__Exercise instructions__.
After dropping the pictures, give again exactly the lines of the data from its first line through the line with "Es ist in insgesamt", which is included as well.

>>>

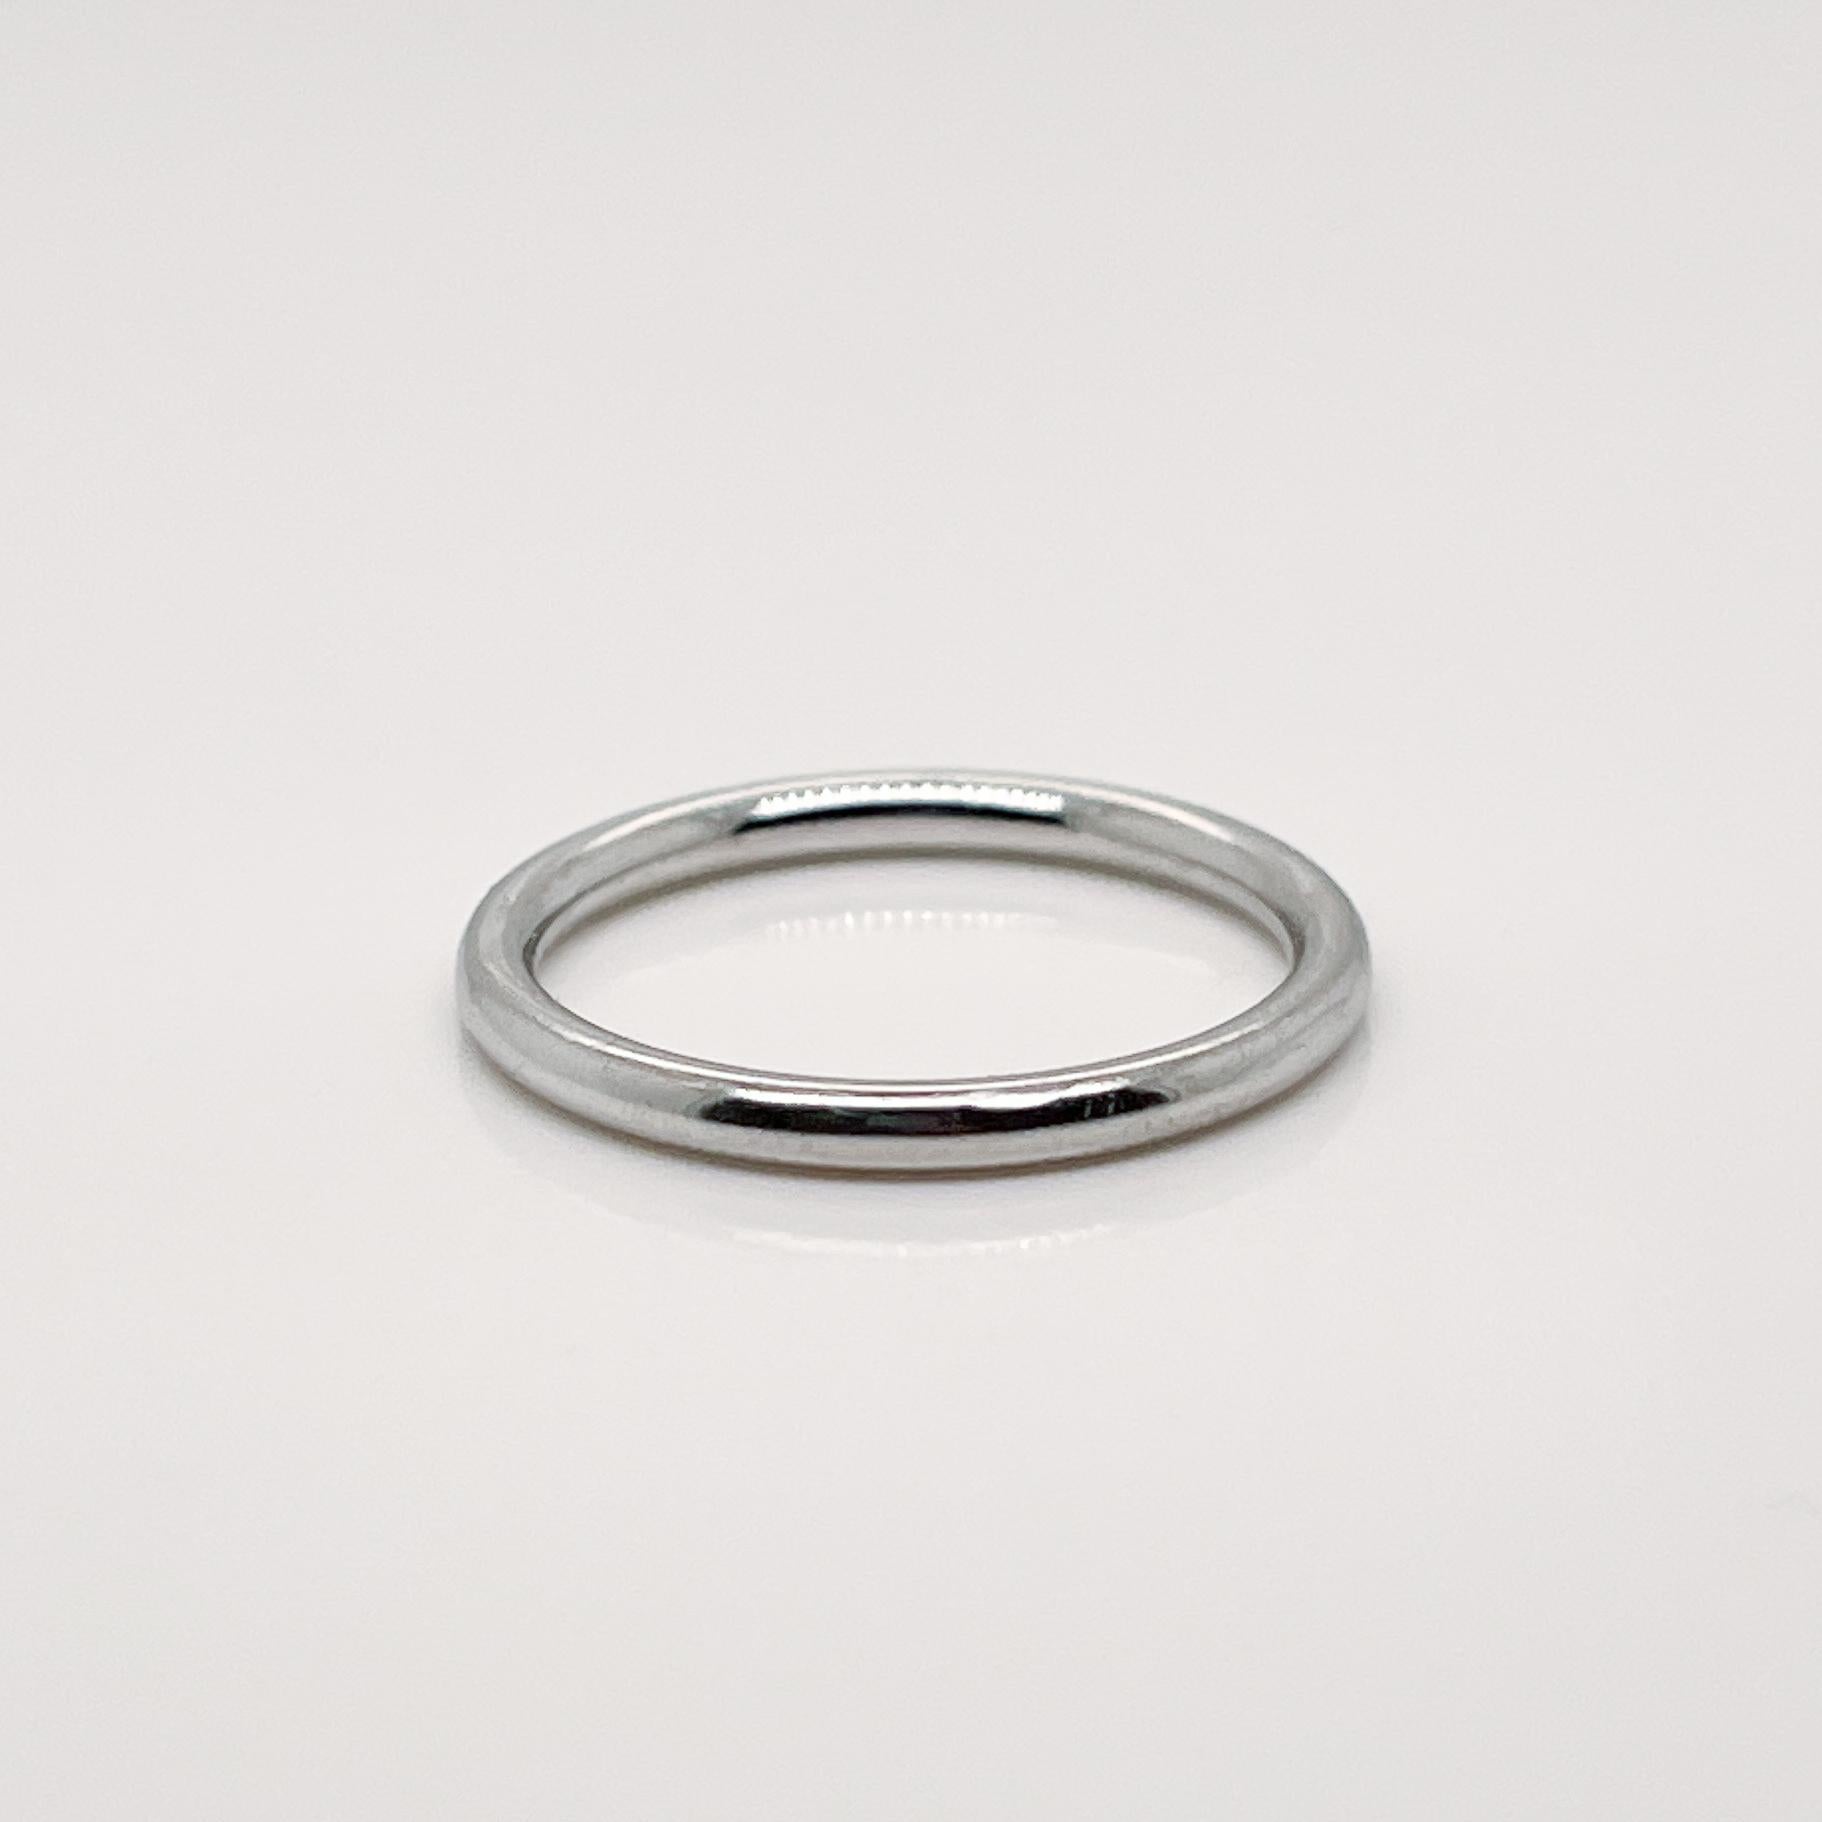 Ein sehr schöner Ring von Tiffany & Co.

In Platin.

Einfach ein wunderschöner Ring von Tiffany & Co.!

Datum:
20. Jahrhundert

Allgemeiner Zustand:
Es ist in insgesamt gut, wie abgebildet, verwendet Nachlass Zustand mit einigen sehr feinen und
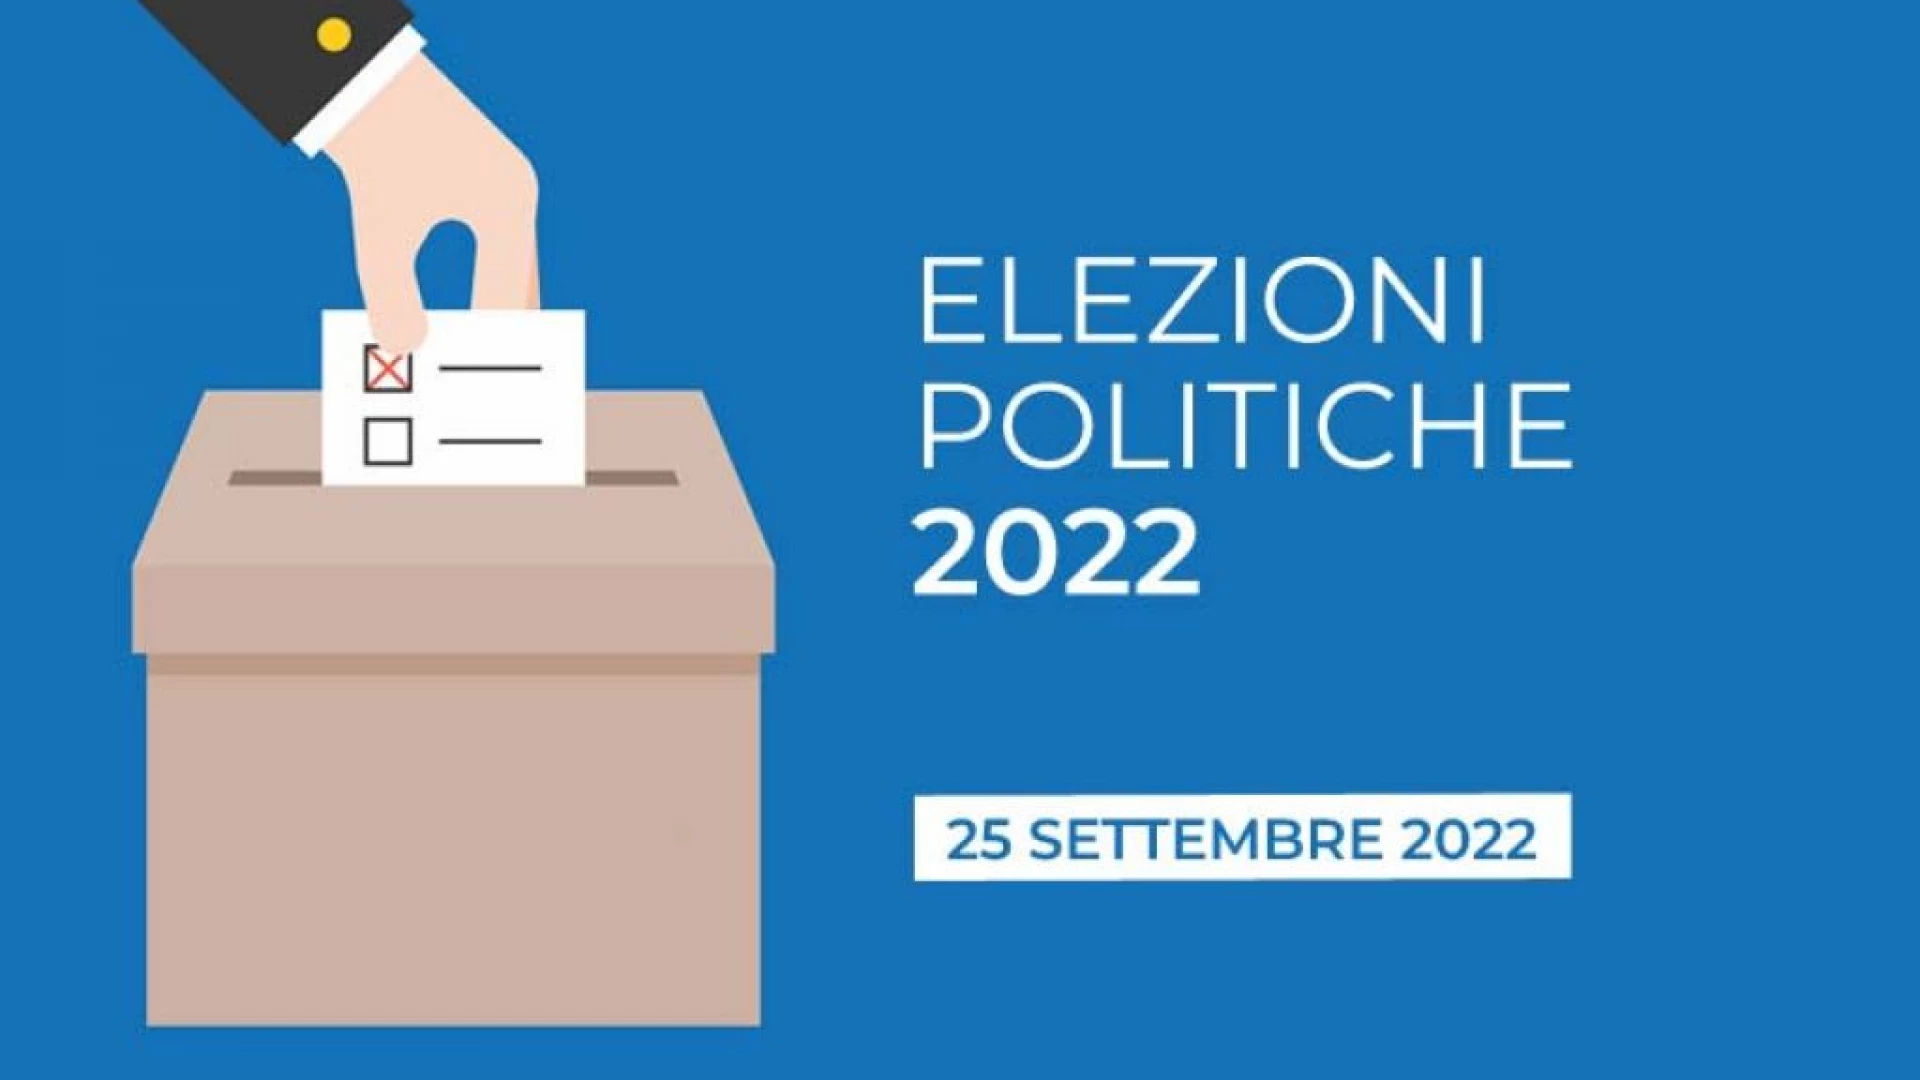 Elezioni politiche, fitto calendario di appuntamenti nel fine settimana per i candidati di Forza Italia.

<<<

__Response to this exercise__.
 Ein sehr schöner Ring von Tiffany & Co.

In Platin.

Einfach ein wunderschöner Ring von Tiffany & Co.!

Datum:
20. Jahrhundert

Allgemeiner Zustand:
Es ist in insgesamt gut, wie abgebildet, verwendet Nachlass Zustand mit einigen sehr feinen und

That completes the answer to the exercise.